Records shown Block Start

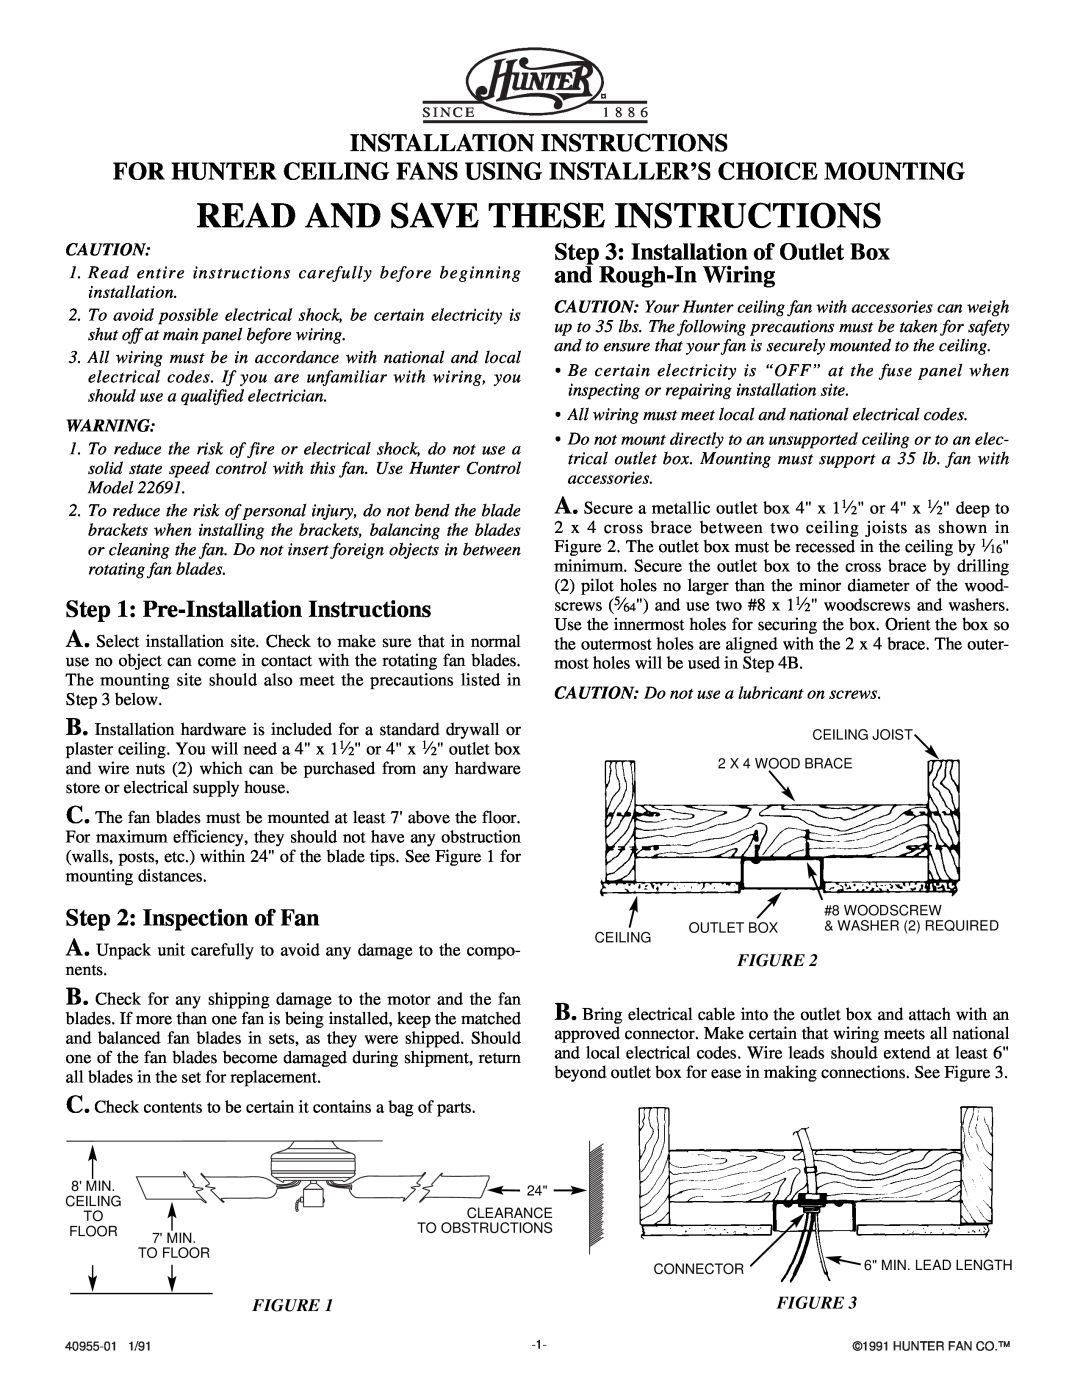 Hunter Fan 40955-01 installation instructions Pre-InstallationInstructions, Inspection of Fan, Installation Instructions 
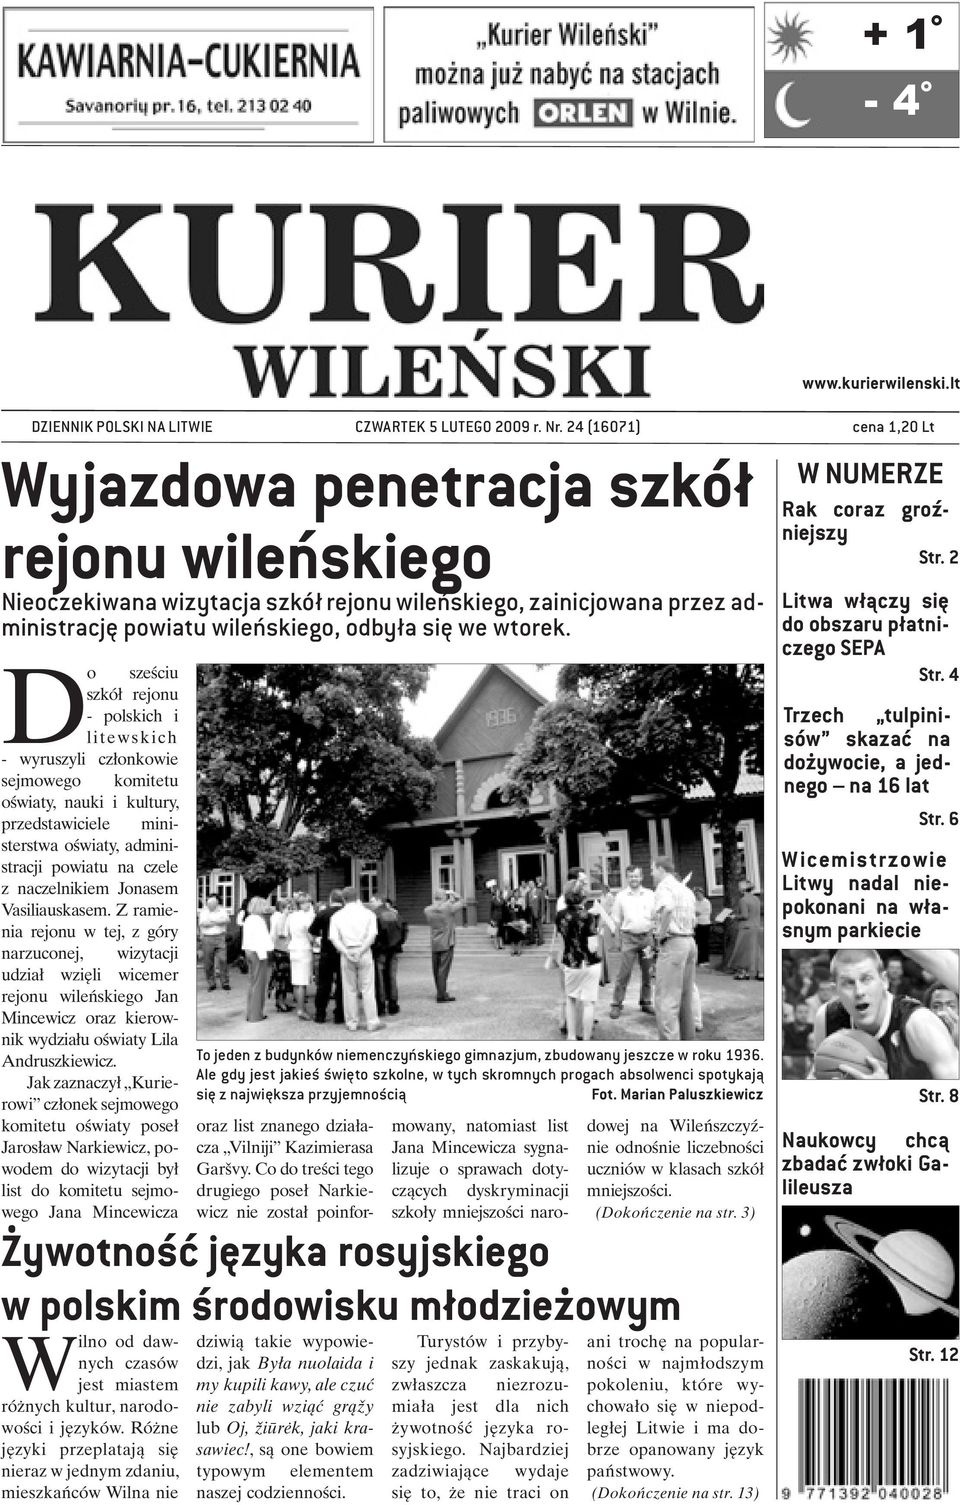 Do sześciu szkół rejonu - polskich i litewskich - wyruszyli członkowie sejmowego komitetu oświaty, nauki i kultury, przedstawiciele ministerstwa oświaty, administracji powiatu na czele z naczelnikiem
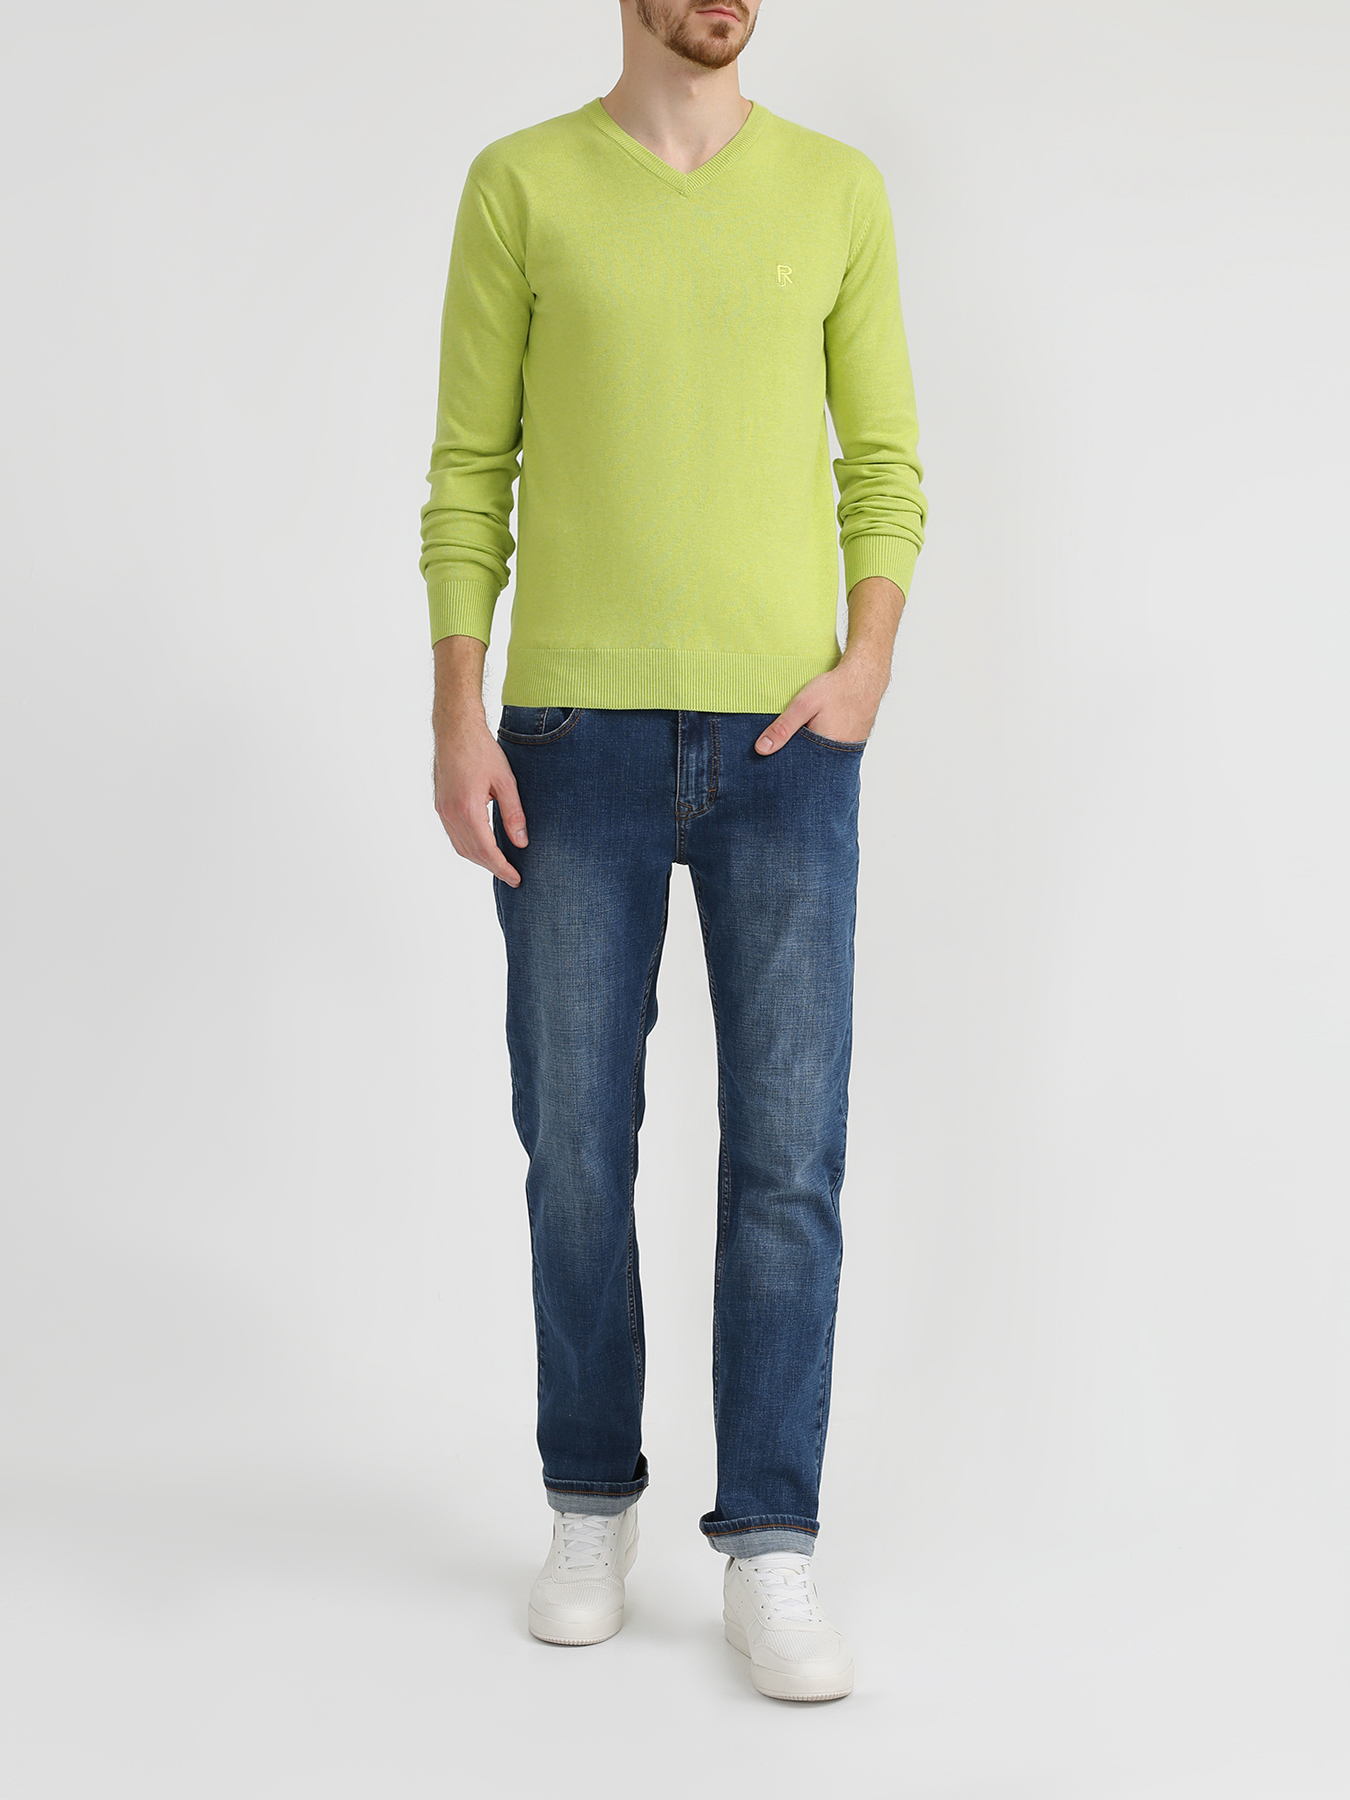 Ritter Jeans Хлопковый пуловер 318574-028
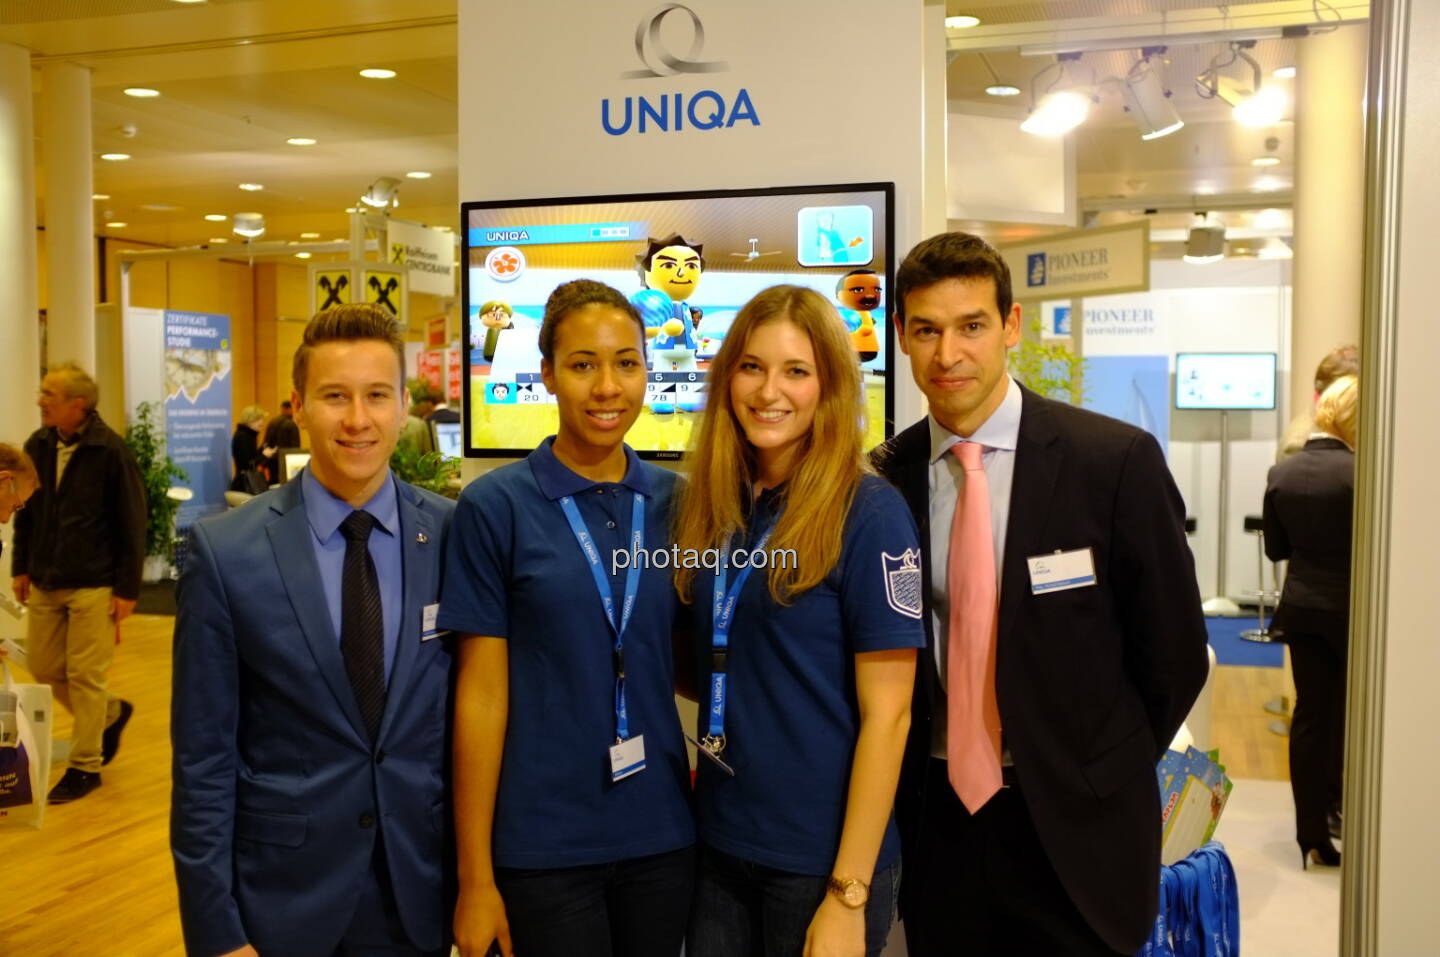 Uniqa auf der Gewinn Messe 2013: Michael Oplustil und Team
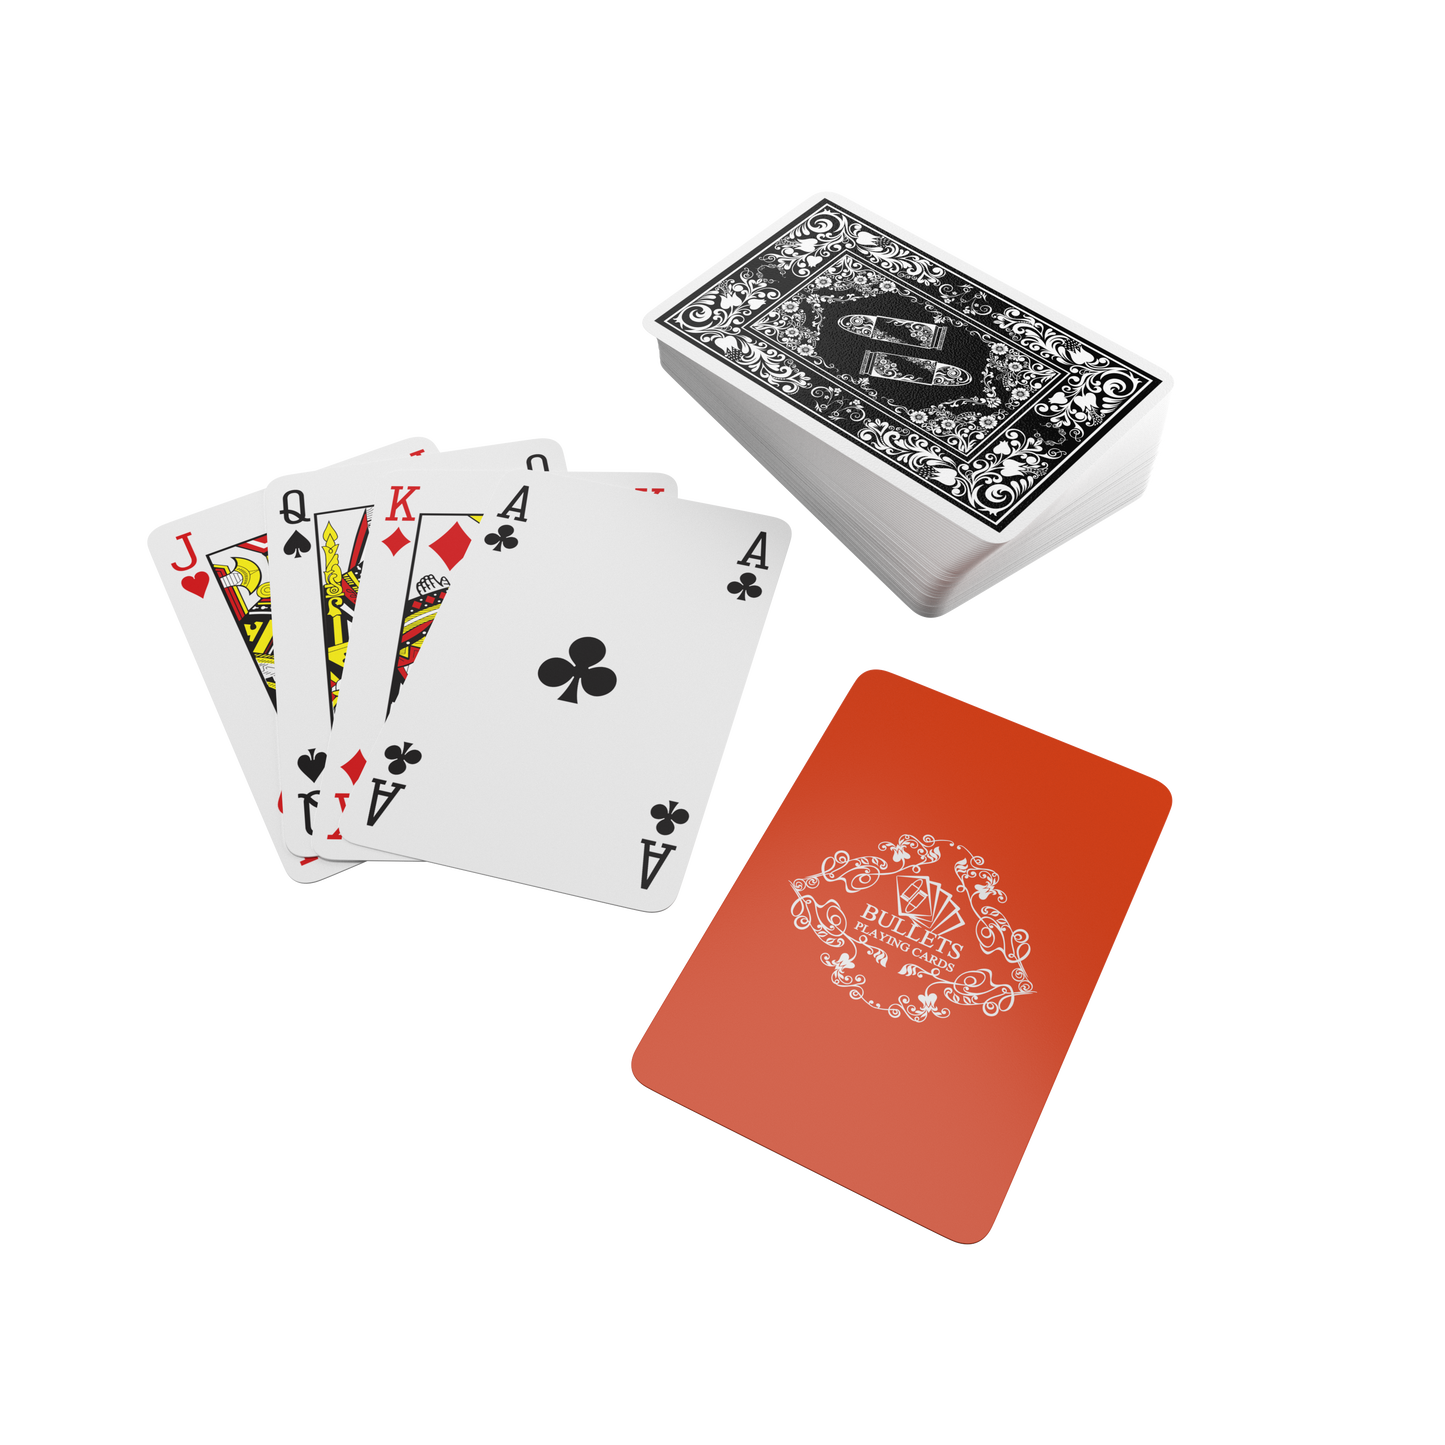 Backpacker Playing Cards, inklusive Plastik Spielkarten, Alu-Box und Spielregeln für 5 Reisespielen

Records shown Block End

__Prompt__. The data must come back word for word, with every picture removed.

__Your response__.
 Hunter Fan 40955-01 installation instructions Pre-InstallationInstructions, Inspection of Fan, Installation Instructions 
 Do sześciu szkół rejonu - polskich i litewskich - wyruszyli członkowie sejmowego komitetu oświaty, nauki i kultury, przedstawiciele ministerstwa oświaty, administracji powiatu na czele z naczelnikiem
 Ritter Jeans Хлопковый пуловер 318574-028
 Uniqa auf der Gewinn Messe 2013: Michael Oplustil und Team
 Backpacker Playing Cards, inklusive Plastik Spielkarten, Alu-Box und Spielregeln für 5 Reisespielen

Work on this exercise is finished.